Below are several entries. Transcribe exactly those lines that fall from the one with "invader_attack_panel.jpg" through the one with "La capsule transportant", end lines included.

» Provided entries:

↓↓↓

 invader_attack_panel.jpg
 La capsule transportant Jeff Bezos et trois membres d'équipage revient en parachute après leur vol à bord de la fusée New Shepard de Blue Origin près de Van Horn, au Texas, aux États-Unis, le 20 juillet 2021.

↑↑↑
↓↓↓

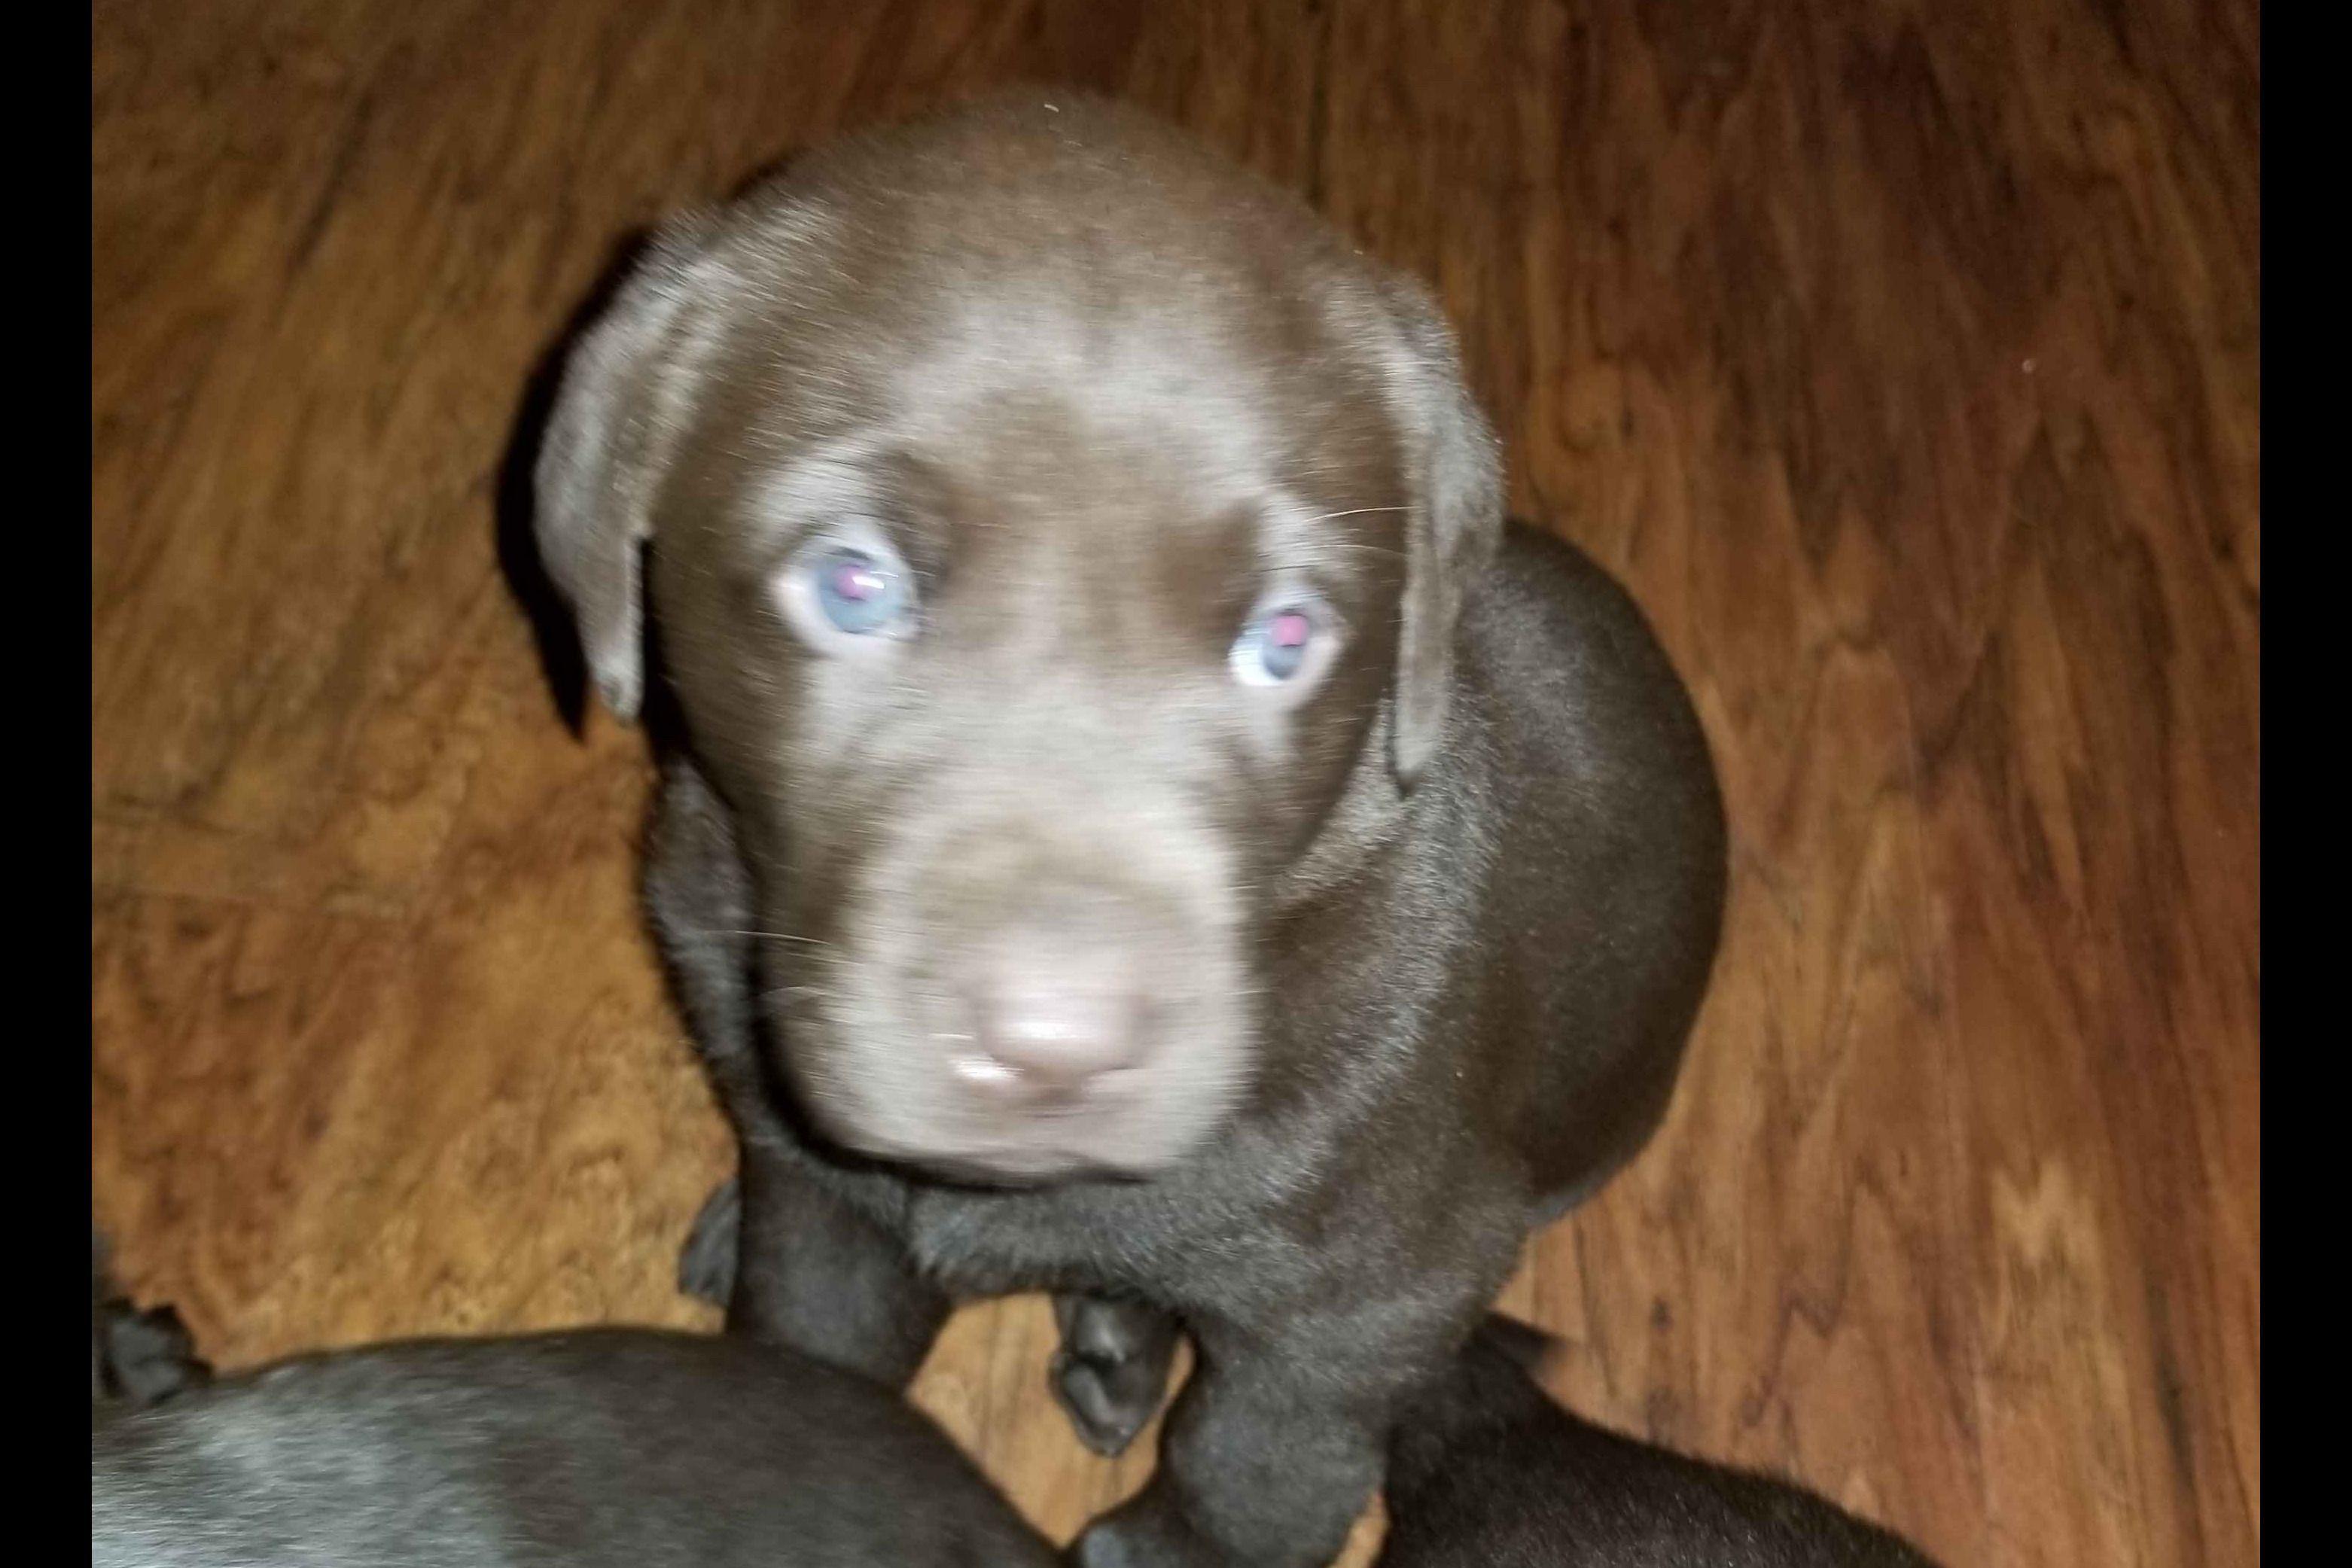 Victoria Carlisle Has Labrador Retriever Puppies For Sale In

↑↑↑
↓↓↓

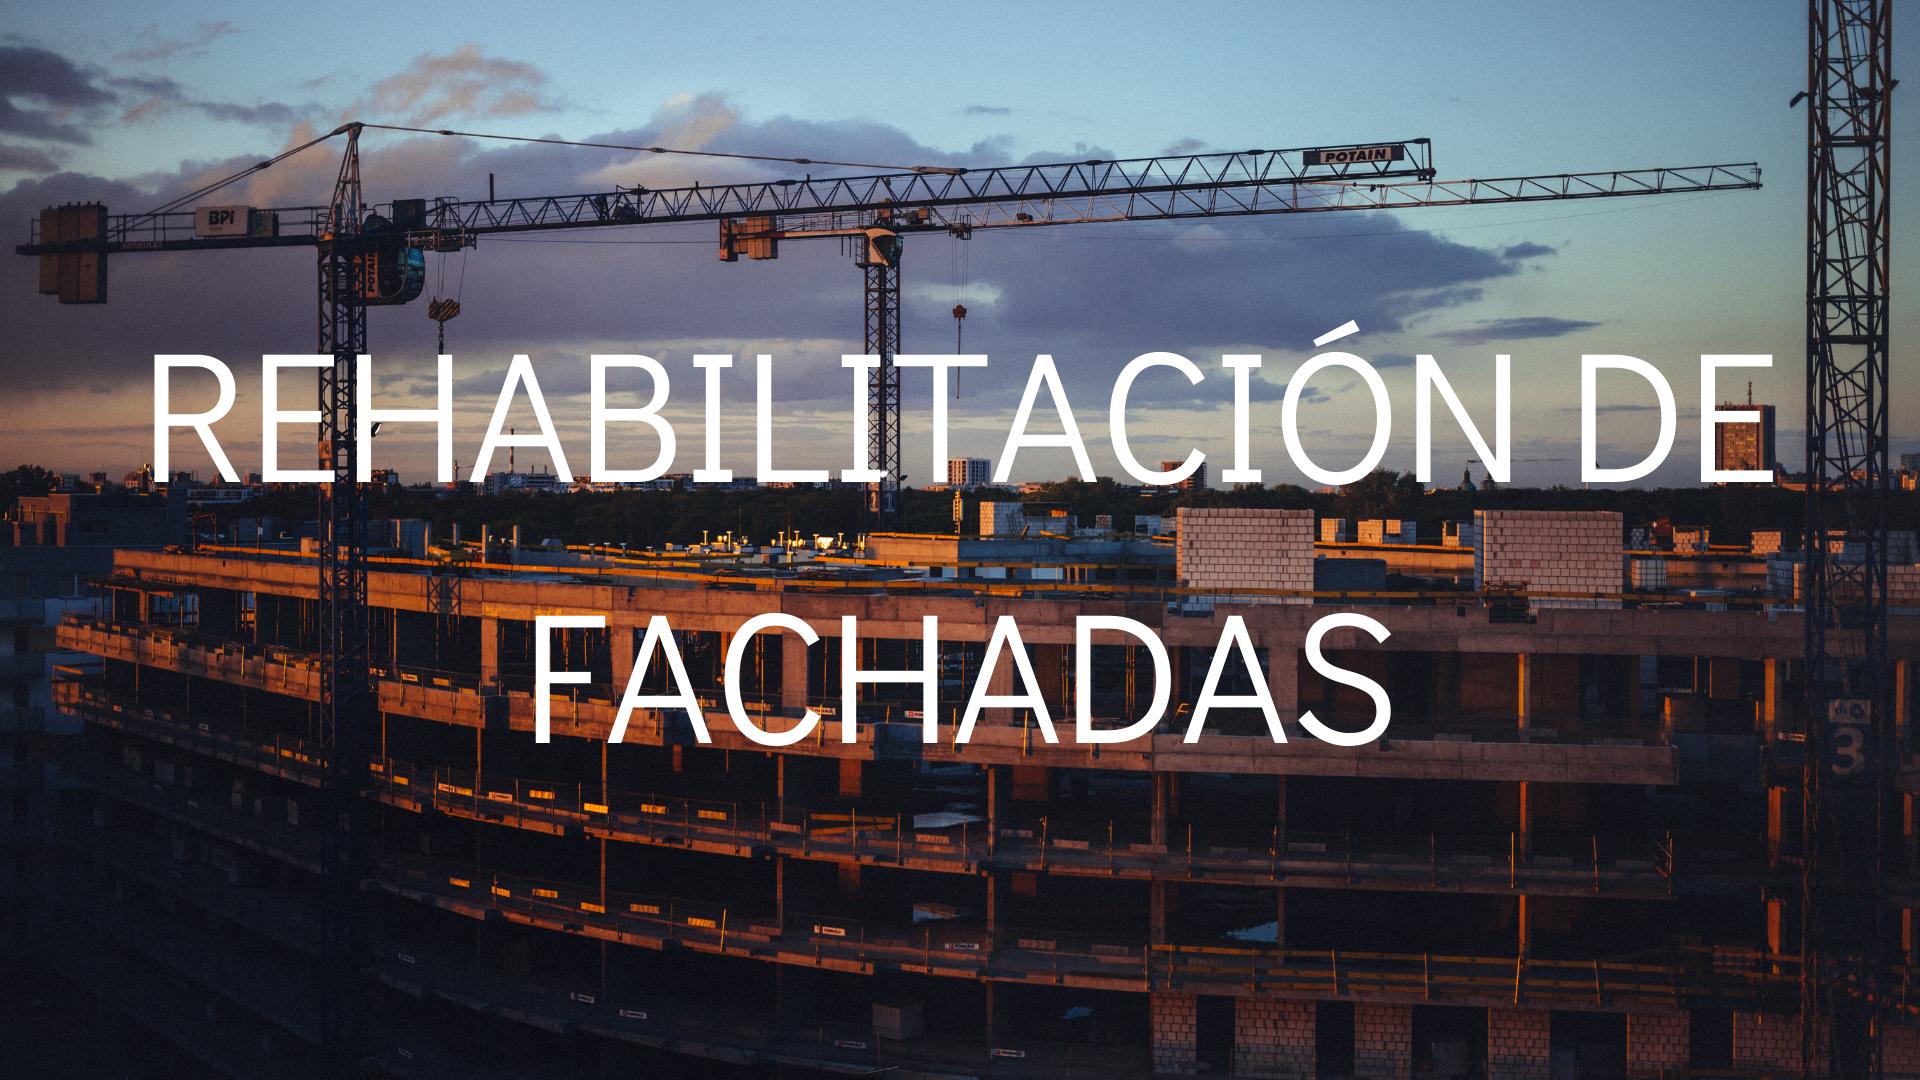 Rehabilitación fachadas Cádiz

↑↑↑

» Response to this exercise:
 invader_attack_panel.jpg
 La capsule transportant Jeff Bezos et trois membres d'équipage revient en parachute après leur vol à bord de la fusée New Shepard de Blue Origin près de Van Horn, au Texas, aux États-Unis, le 20 juillet 2021.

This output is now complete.